# Madone issue



## aklause (Mar 12, 2004)

I purchased a new stock Madone a couple of months ago. I noticed right away that when riding even on relatively smooth surfaces the front shifter cable is taping against the bottom tube. I've had it in the shop a couple of times now for this problem. It seems everything is as it should be. The shop had to modify the cable guide with a 1/4 inch shim to keep this from happening. Has anyone had a similar problem????. This is a 56cm frame.


----------



## blehargh (Mar 17, 2004)

aklause said:


> I purchased a new stock Madone a couple of months ago. I noticed right away that when riding even on relatively smooth surfaces the front shifter cable is taping against the bottom tube. I've had it in the shop a couple of times now for this problem. It seems everything is as it should be. The shop had to modify the cable guide with a 1/4 inch shim to keep this from happening. Has anyone had a similar problem????. This is a 56cm frame.

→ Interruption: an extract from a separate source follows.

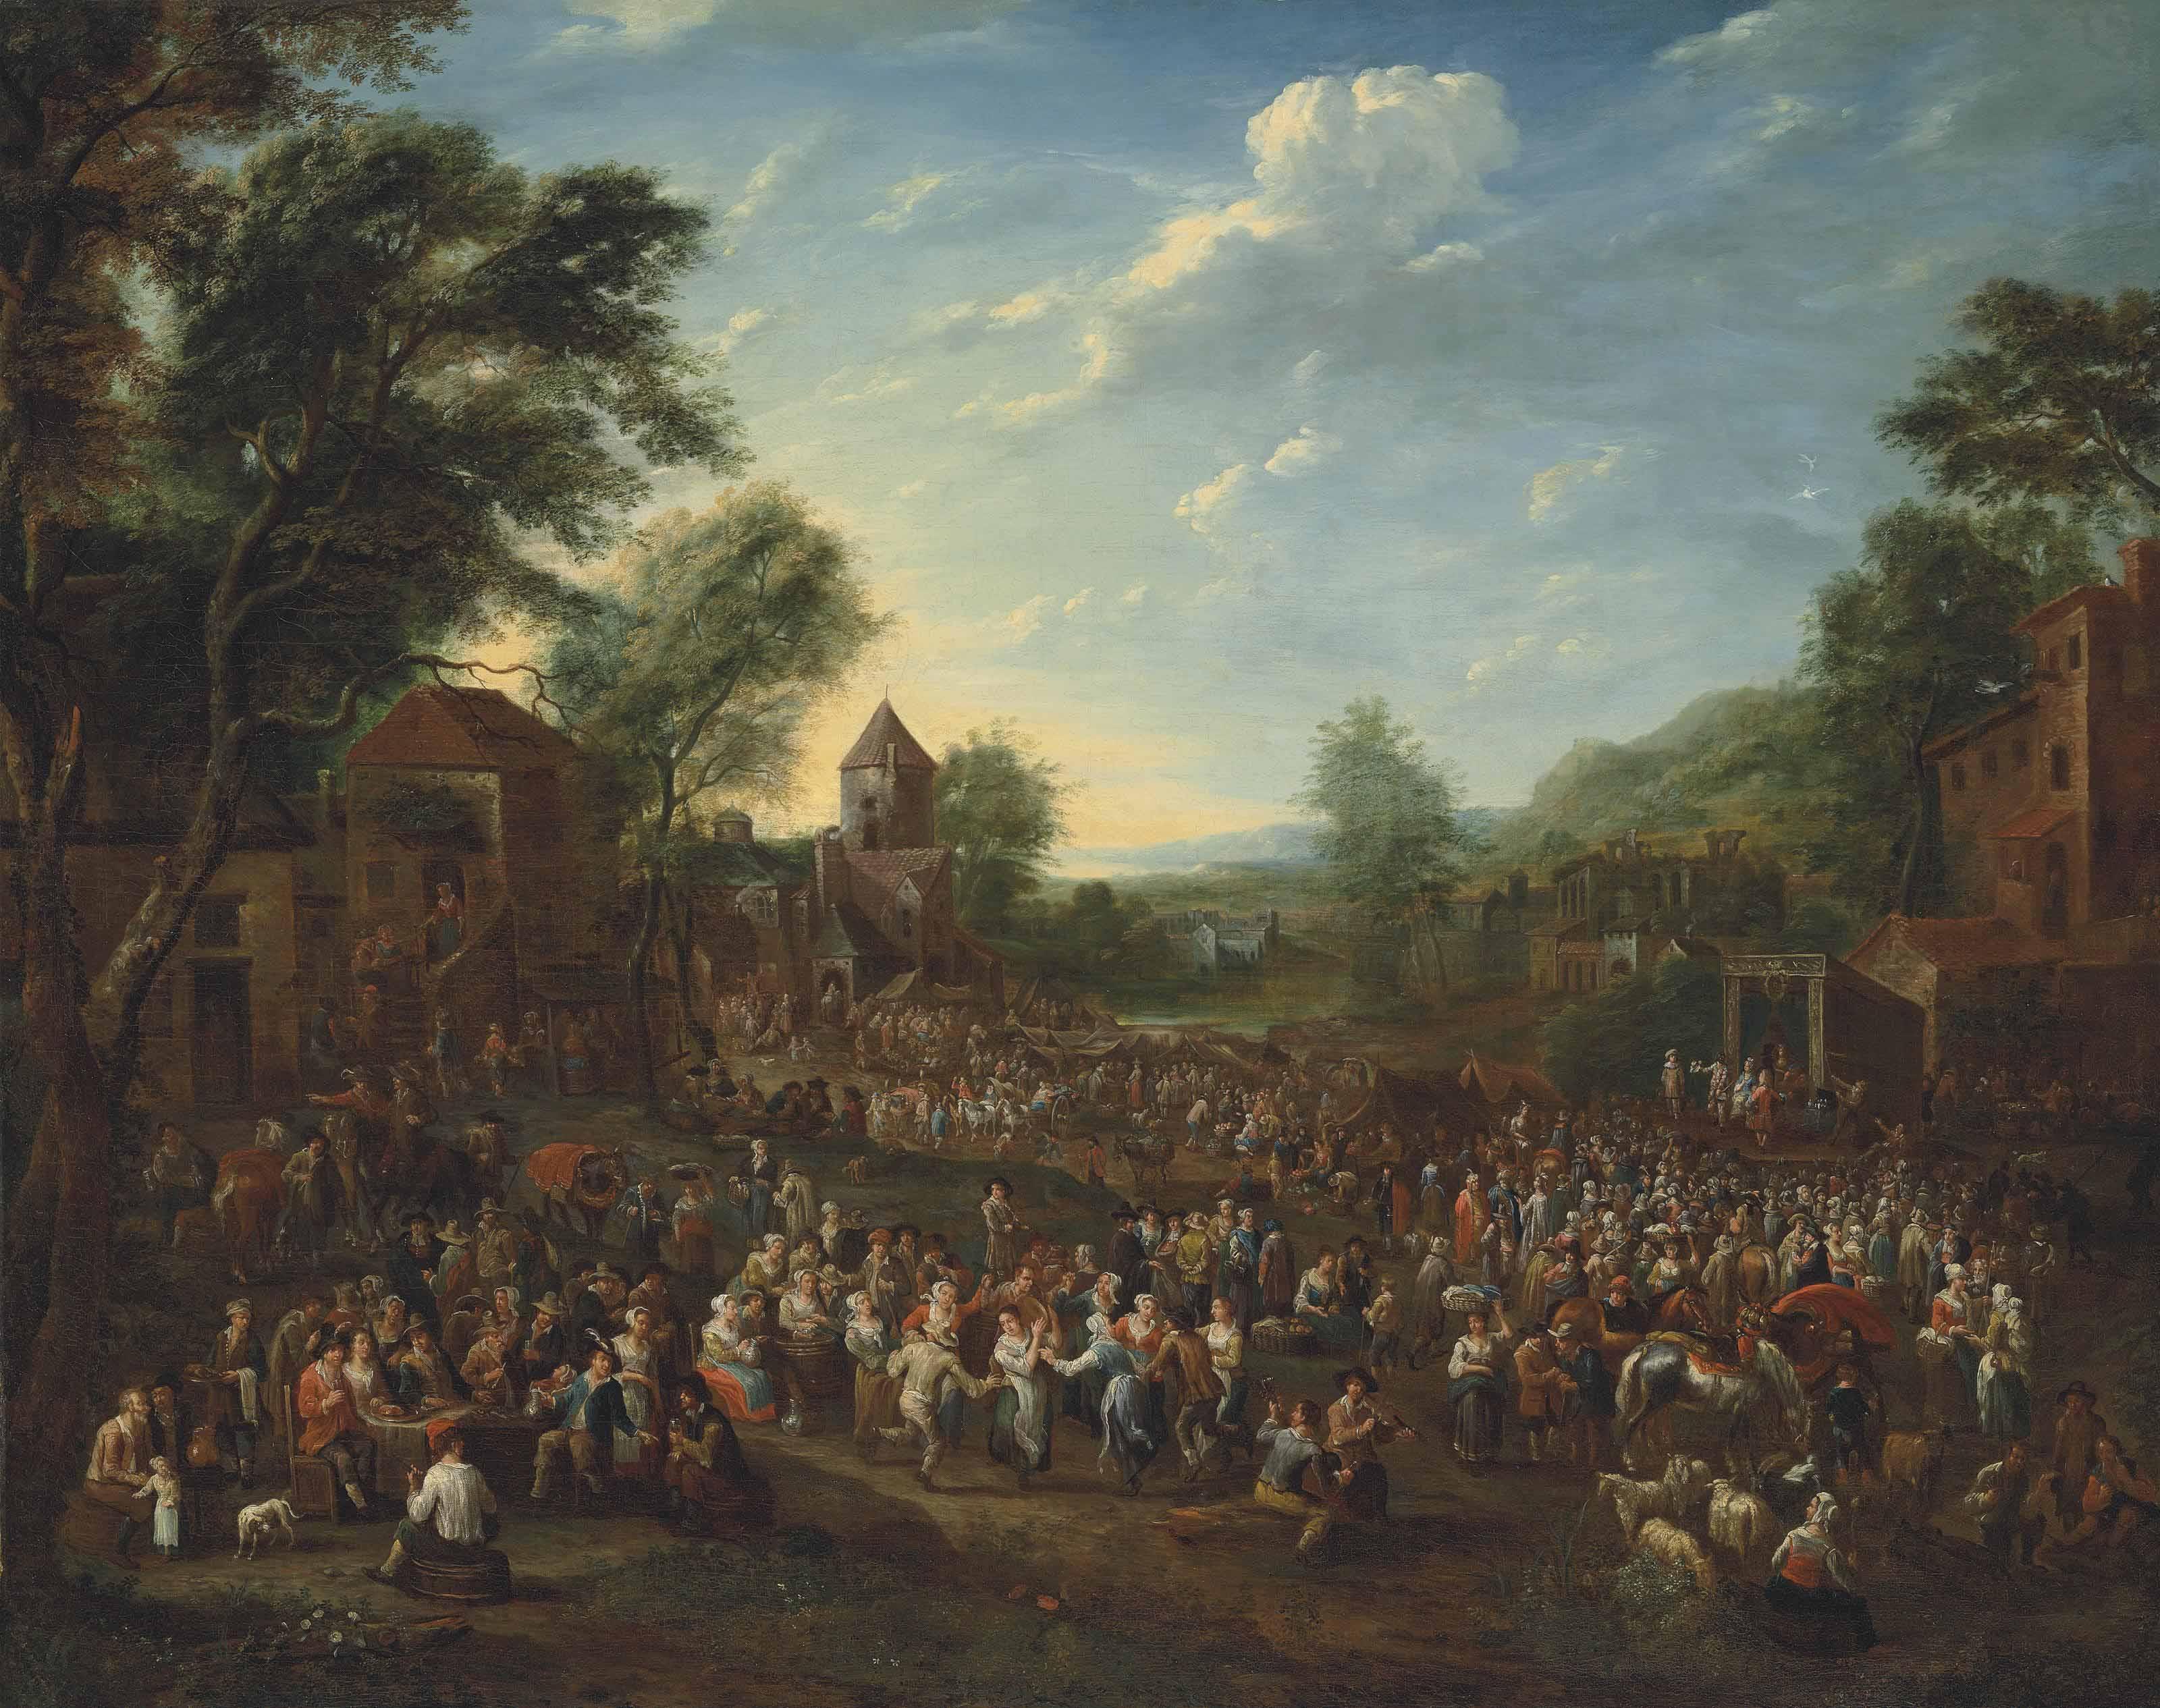 Elisabeth Seldron (active c. 1702-1761)

just pop some rubber donuts on the cable... done.

-don


----------



## thedude65 (Apr 19, 2004)

I had this problem on my 2300, what I did is that I made the right/rear side cables enter the boss were the left cable normaly goes and of corse routed the left side into the right boss. then I crossed the bare cables below the downtube. This spreads out the houseing so the it looks cleaner and doesnt hit the frame as much, this may work.

Other wise, start wrapin tape around the sucka


----------